Mu-Rong XIE ; Bin ZHANG ; Yun-Qing YE ; Zhe LI ; Qing-Rong LIU ; Zhen-Yan ZHAO ; Jun-Xing LV ; De-Jing FENG ; Qing-Hao ZHAO ; Hai-Tong ZHANG ; Zhen-Ya DUAN ; Bin-Cheng WANG ; Shuai GUO ; Yan-Yan ZHAO ; Run-Lin GAO ; Hai-Yan XU ; Yong-Jian WU
Journal of Geriatric Cardiology 2025;22(9):759-774
BACKGROUND:
Based on the China-VHD database, this study sought to develop and validate a Valvular Heart Disease- specific Age-adjusted Comorbidity Index (VHD-ACI) for predicting mortality risk in patients with VHD.
METHODS & RESULTS:
The China-VHD study was a nationwide, multi-centre multi-centre cohort study enrolling 13,917 patients with moderate or severe VHD across 46 medical centres in China between April-June 2018. After excluding cases with missing key variables, 11,459 patients were retained for final analysis.

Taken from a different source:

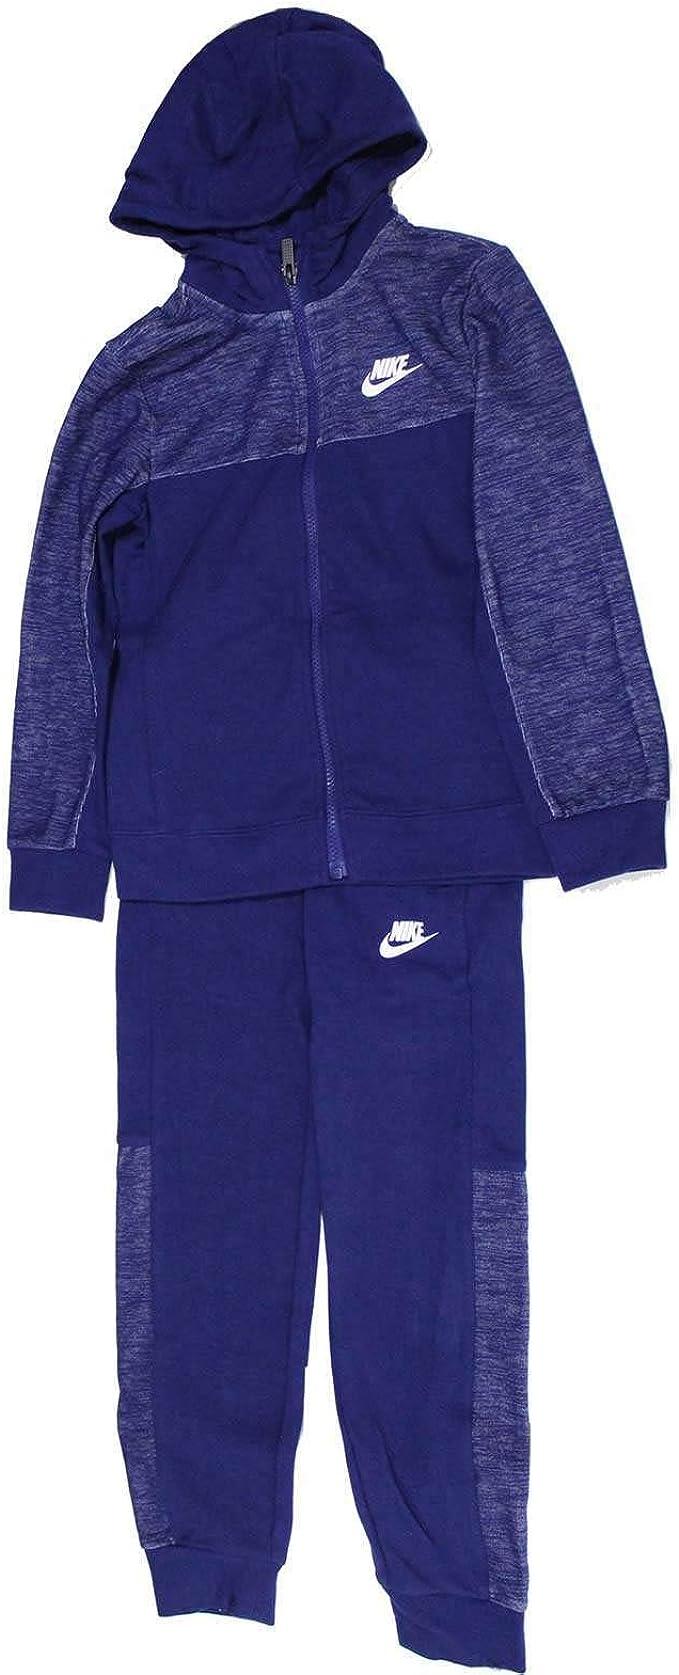 Nike 8UD633-U9J - Chándal para niño, Color Azul Turquesa 5 años ...

The primary endpoint was 2-year all-cause mortality, with 941 deaths (10.0%) observed during follow-up. The VHD-ACI was derived after identifying 13 independent mortality predictors: cardiomyopathy, myocardial infarction, chronic obstructive pulmonary disease, pulmonary artery hypertension, low body weight, anaemia, hypoalbuminaemia, renal insufficiency, moderate/severe hepatic dysfunction, heart failure, cancer, NYHA functional class and age. The index exhibited good discrimination (AUC, 0.79) and calibration (Brier score, 0.062) in the total cohort, outperforming both EuroSCORE II and ACCI (P < 0.001 for comparison). Internal validation through 100 bootstrap iterations yielded a C statistic of 0.694 (95% CI: 0.665-0.723) for 2-year mortality prediction. VHD-ACI scores, as a continuous variable (VHD-ACI score: adjusted HR (95% CI): 1.263 (1.245-1.282), P < 0.001) or categorized using thresholds determined by the Yoden index (VHD-ACI ≥ 9 vs. < 9, adjusted HR (95% CI): 6.216 (5.378-7.184), P < 0.001), were independently associated with mortality. The prognostic performance remained consistent across all VHD subtypes (aortic stenosis, aortic regurgitation, mitral stenosis, mitral regurgitation, tricuspid valve disease, mixed aortic/mitral valve disease and multiple VHD), and clinical subgroups stratified by therapeutic strategy, LVEF status (preserved vs. reduced), disease severity and etiology.
CONCLUSION
The VHD-ACI is a simple 13-comorbidity algorithm for the prediction of mortality in VHD patients and providing a simple and rapid tool for risk stratification.